### GIVEN DATA ###
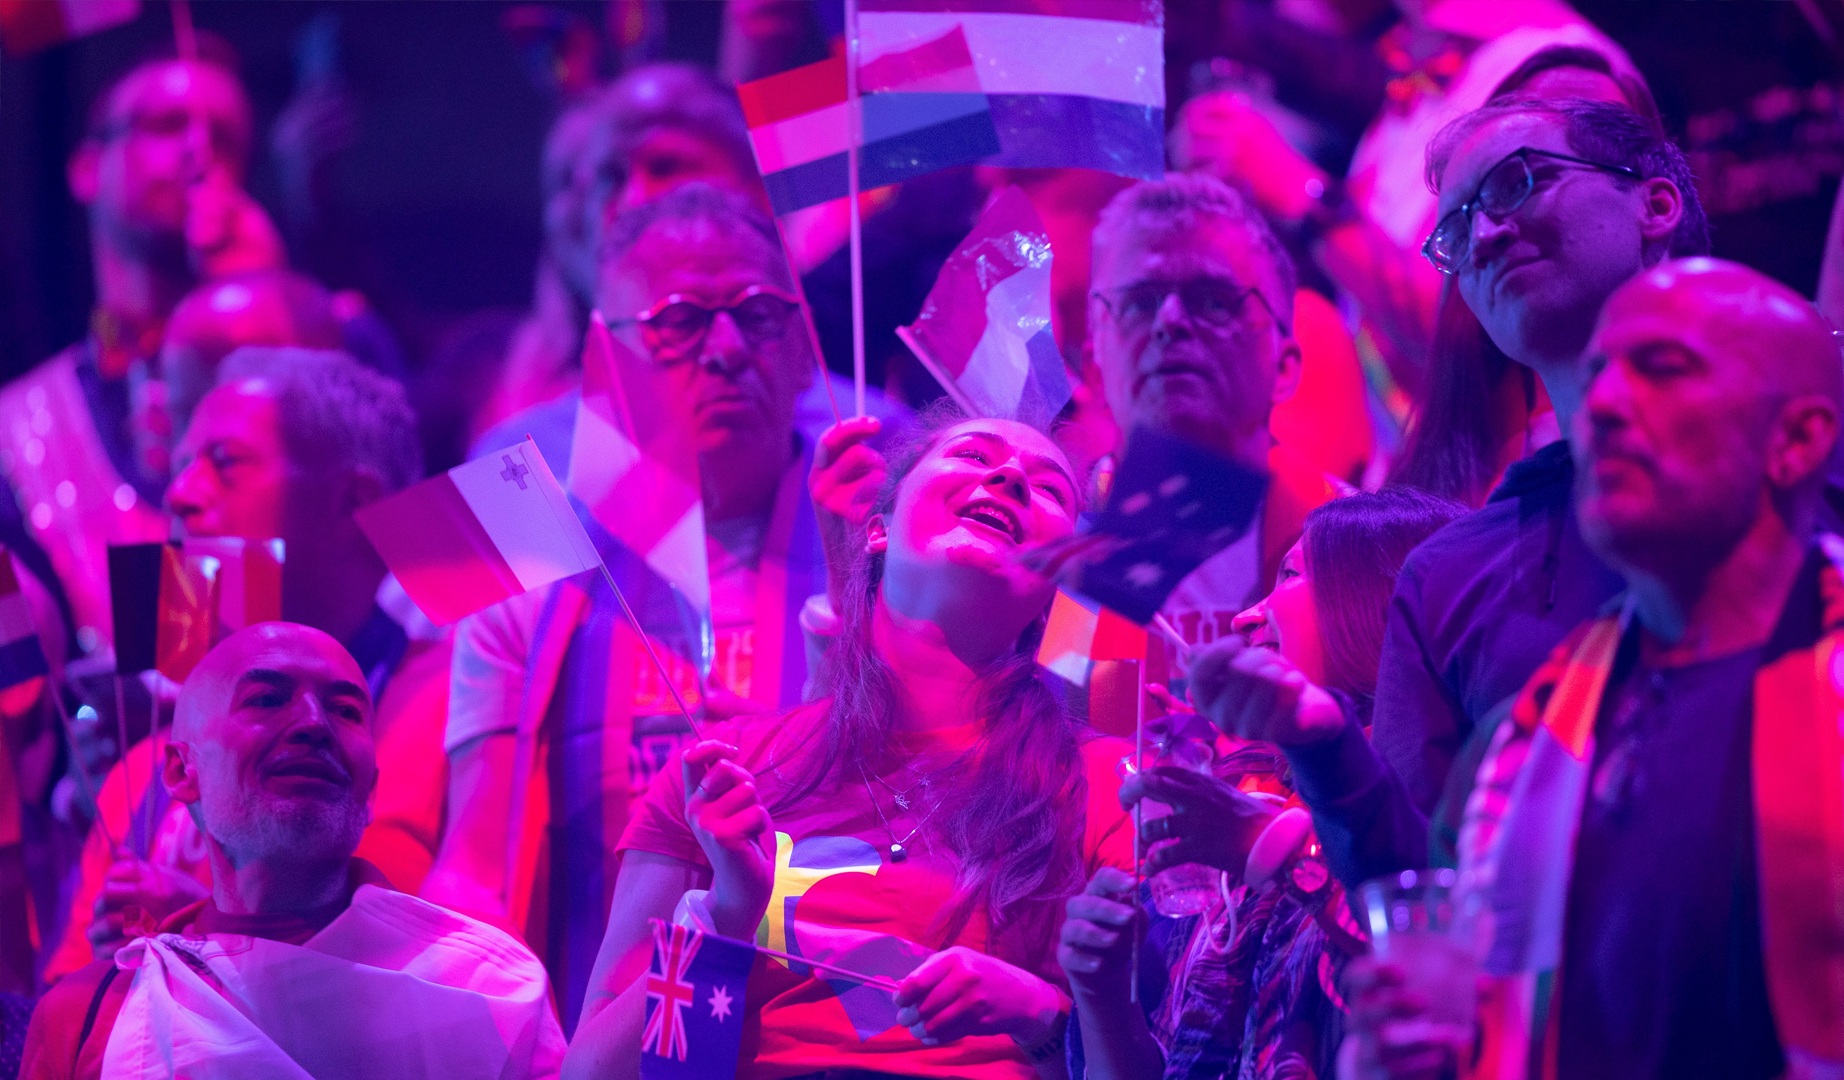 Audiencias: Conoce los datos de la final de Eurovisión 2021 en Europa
###
### GIVEN DATA ###
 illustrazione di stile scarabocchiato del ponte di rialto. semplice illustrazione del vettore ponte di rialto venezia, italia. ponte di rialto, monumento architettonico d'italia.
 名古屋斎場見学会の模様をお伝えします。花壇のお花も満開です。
###
WHAT IS BEING ASKED: Return, word for word, the lines of the data above from the line with "illustrazione di stile" through the line with "名古屋斎場見学会の模様をお伝えします。花壇のお花も満開です。", inclusive.

FINISHED TASK:
 illustrazione di stile scarabocchiato del ponte di rialto. semplice illustrazione del vettore ponte di rialto venezia, italia. ponte di rialto, monumento architettonico d'italia.
 名古屋斎場見学会の模様をお伝えします。花壇のお花も満開です。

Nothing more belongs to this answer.